■ WHAT TO WORK ON
A verbatim copy of the data is wanted, minus any picture in it.

■ DATA
-- Opening Marker --

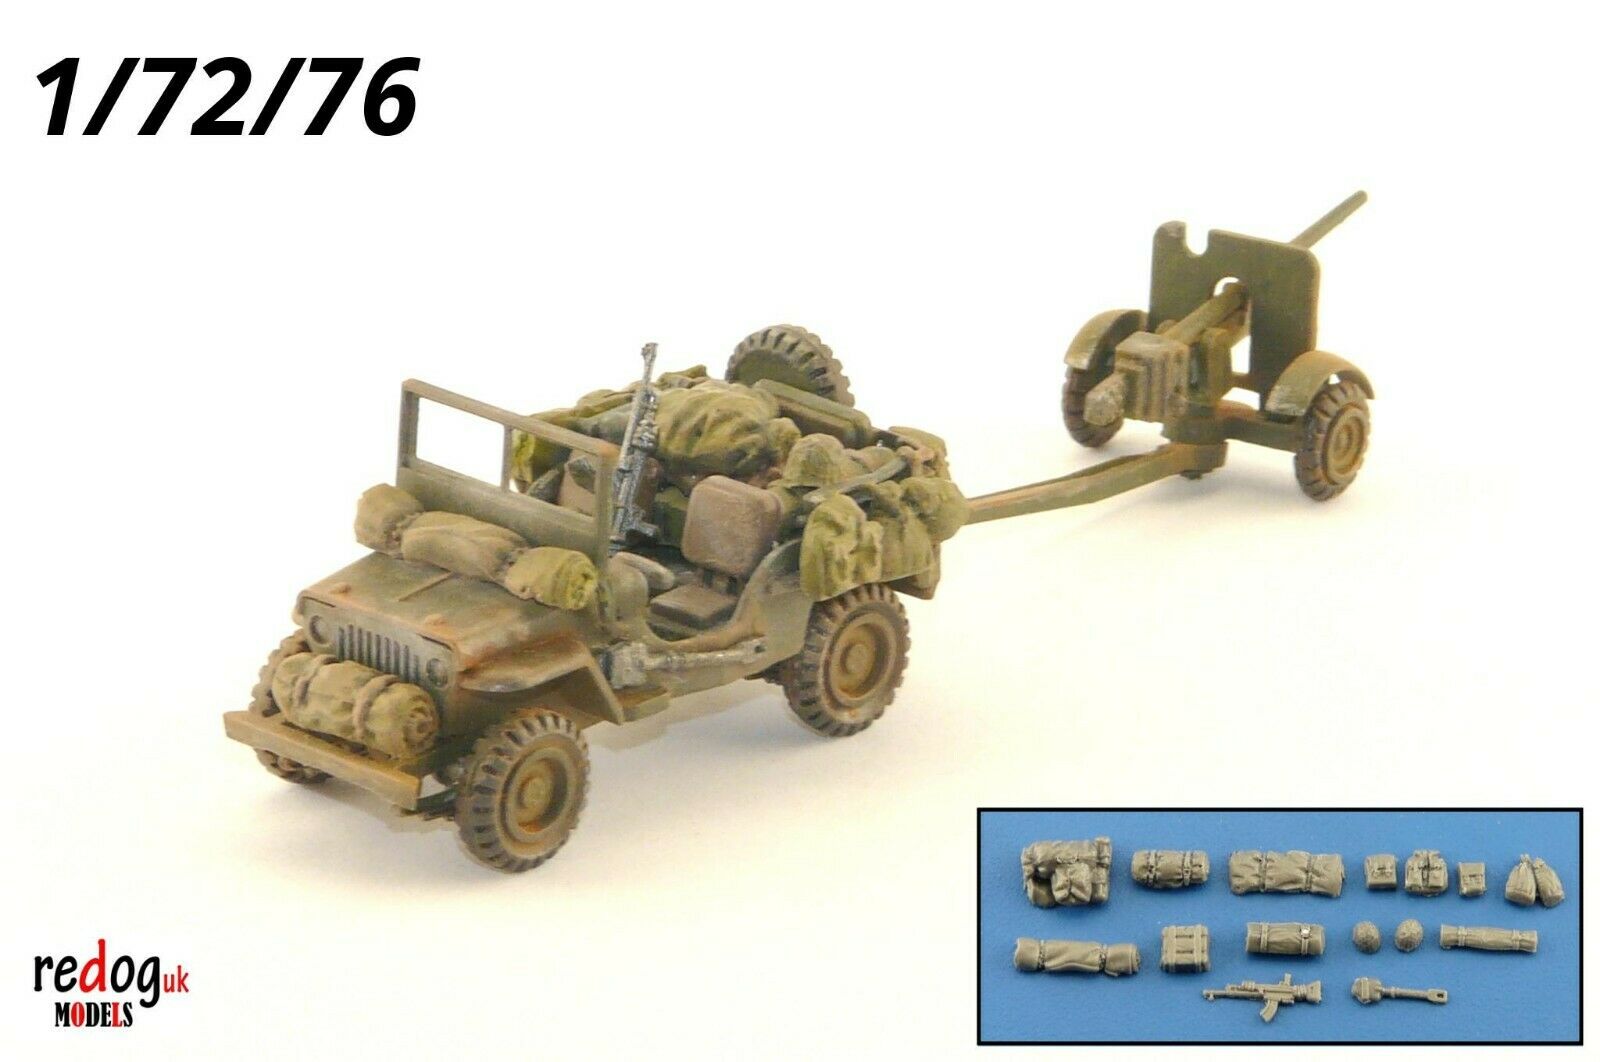 Redog 1/72 Willys Jeep - Military Scale Model Stowage Kit - redoguk
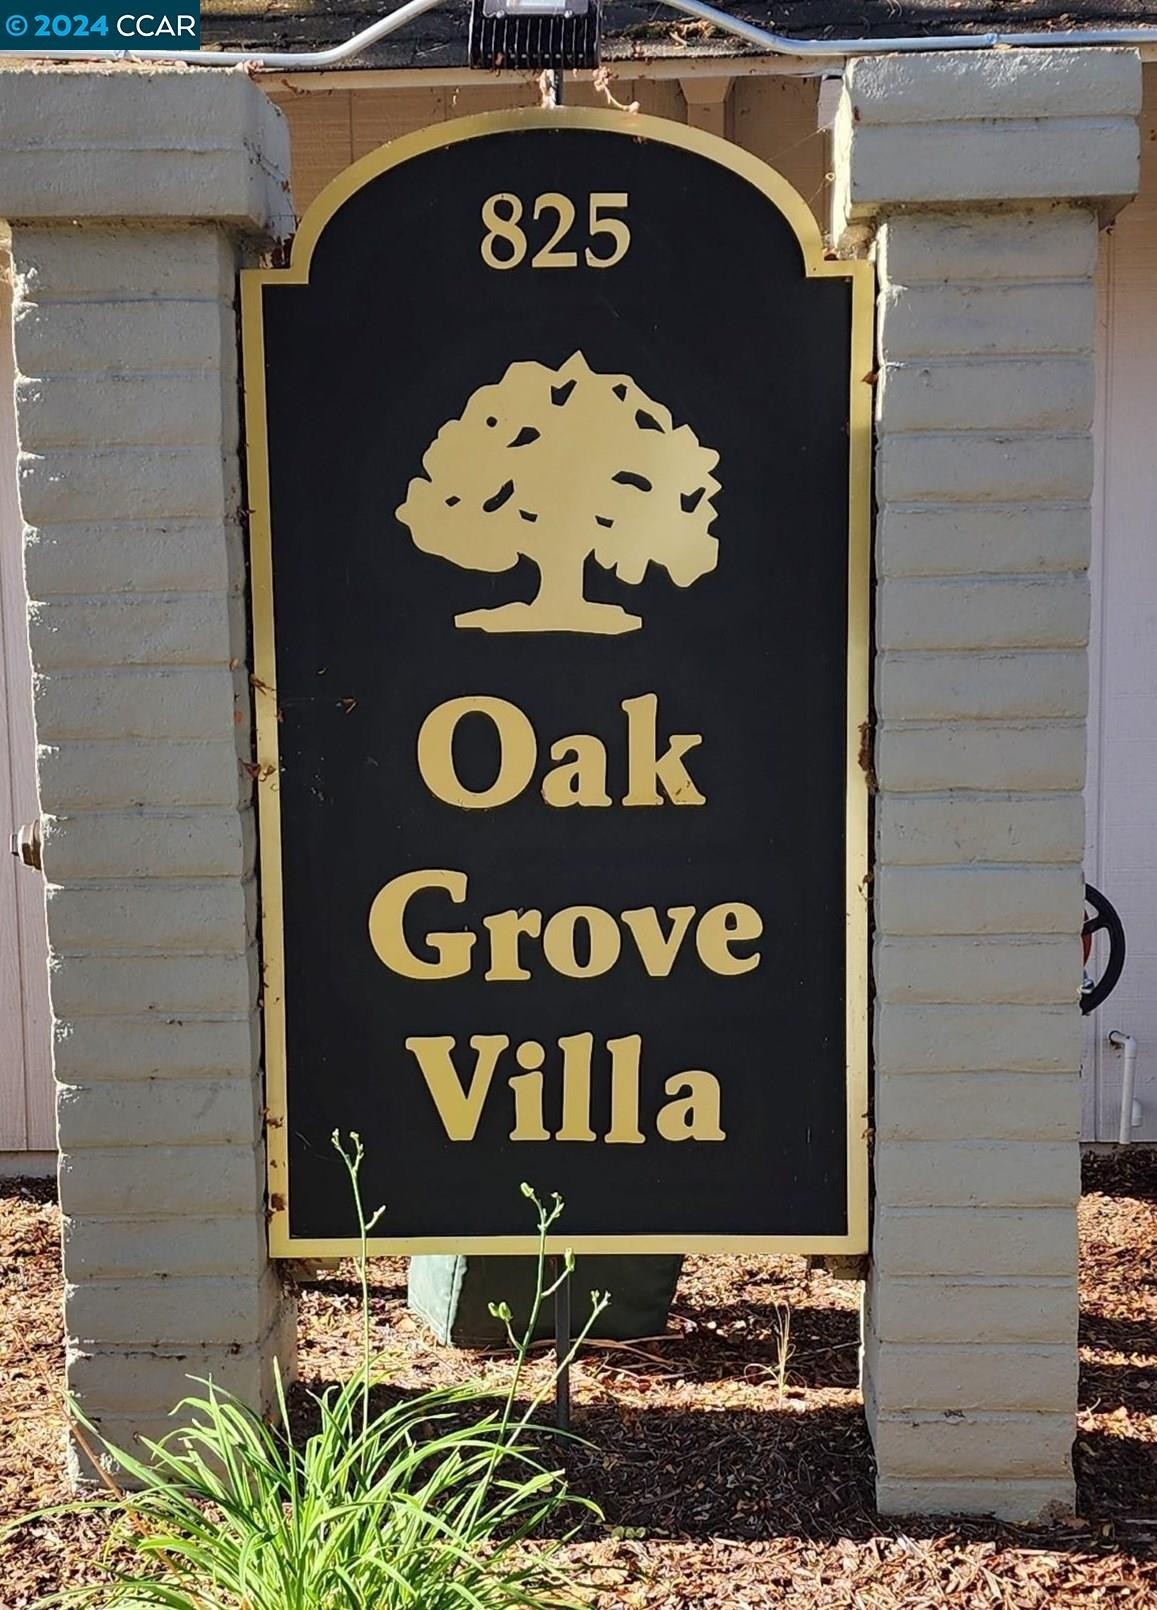 2. 825 Oak Grove Rd
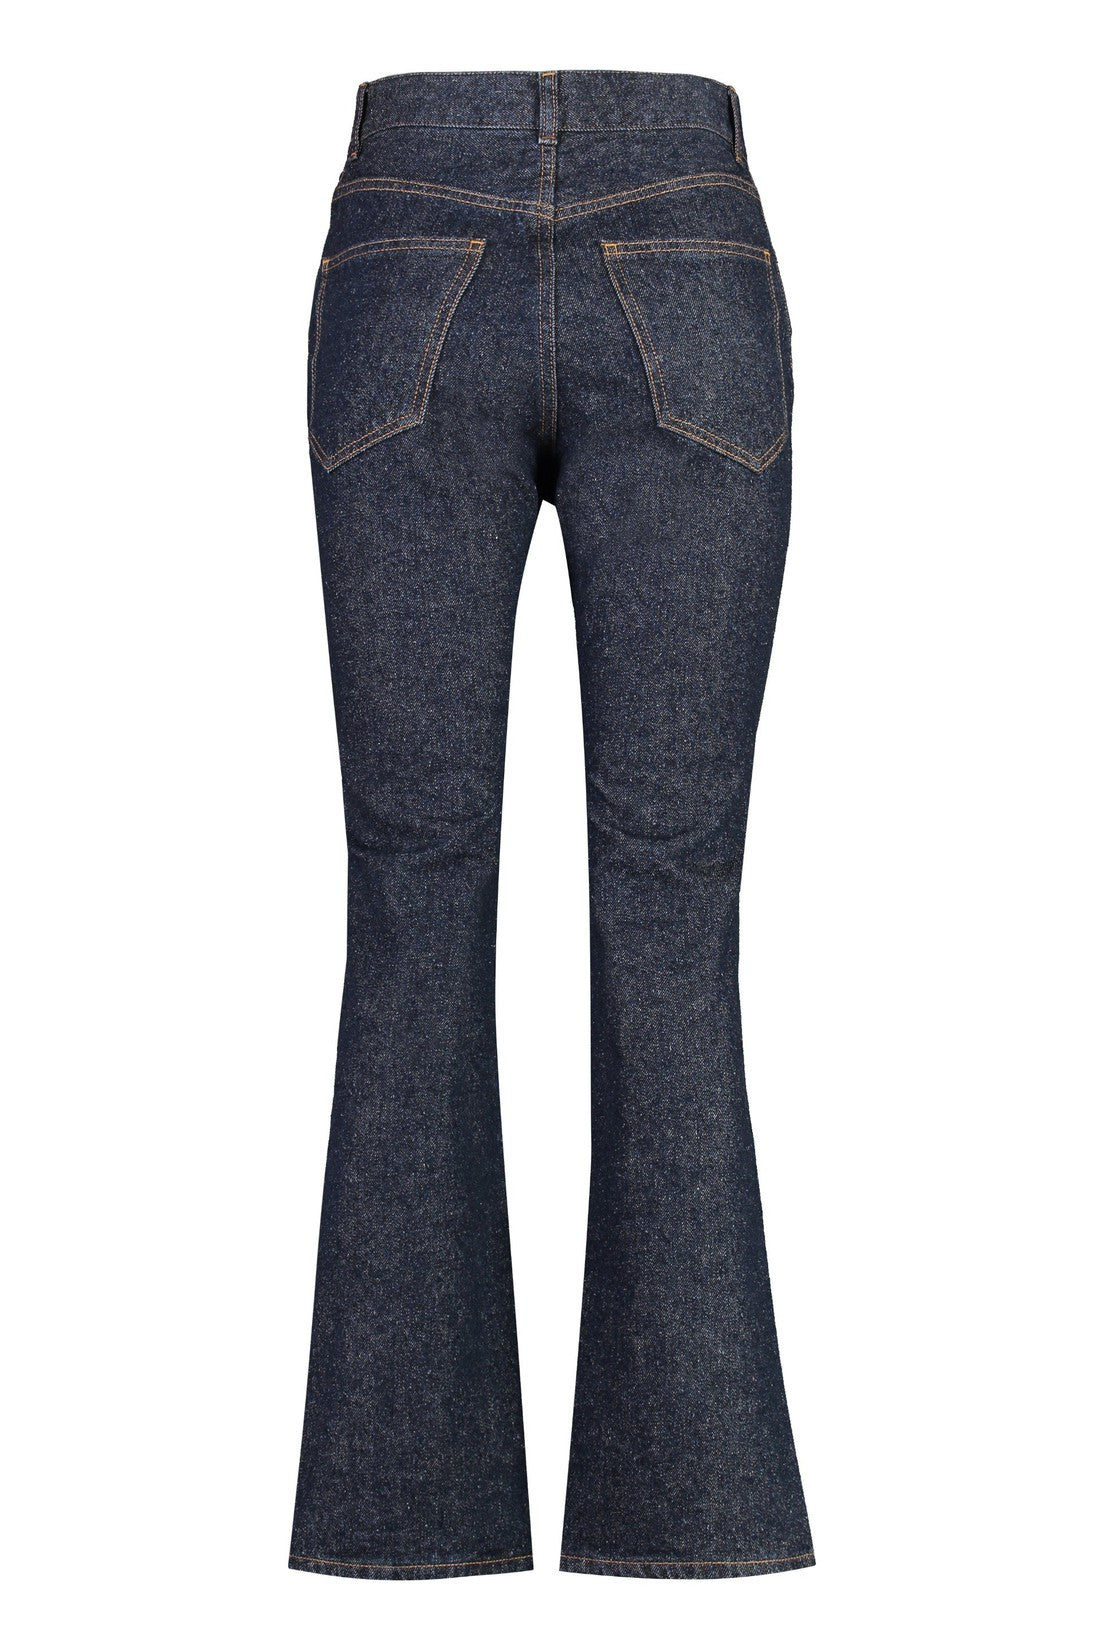 Chloé-OUTLET-SALE-High-rise flared jeans-ARCHIVIST
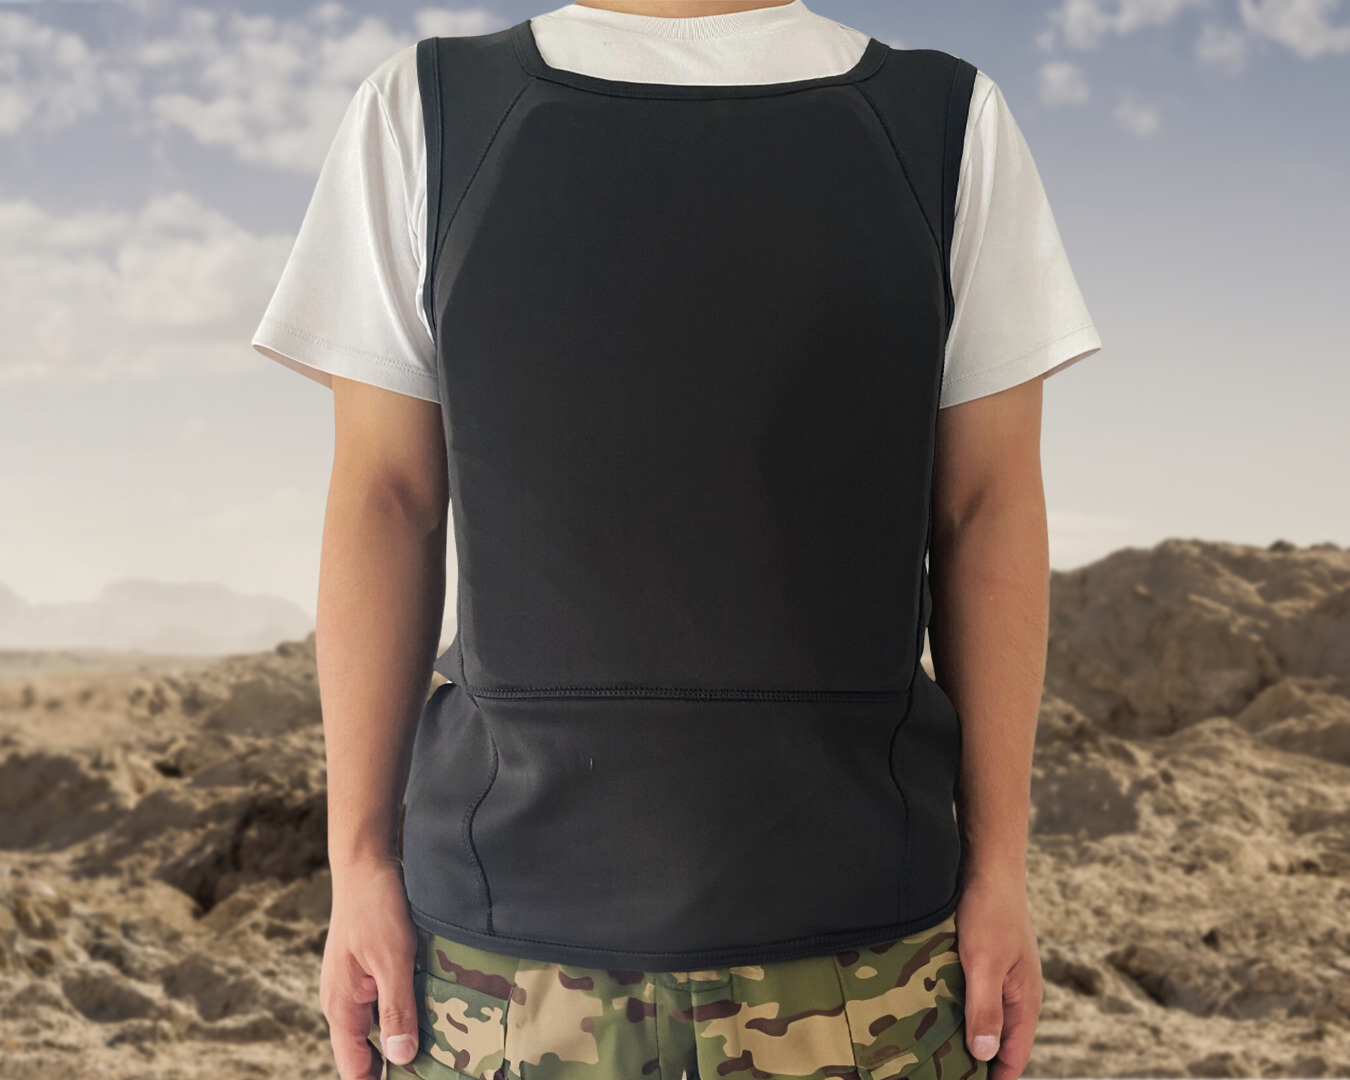 Level-4 Armor Level IIIA Bulletproof T-shirt's versatility and comfort

-- Closing Marker --

■ SOLUTION BELOW
 Redog 1/72 Willys Jeep - Military Scale Model Stowage Kit - redoguk
 2. 825 Oak Grove Rd
 Chloé-OUTLET-SALE-High-rise flared jeans-ARCHIVIST
 Level-4 Armor Level IIIA Bulletproof T-shirt's versatility and comfort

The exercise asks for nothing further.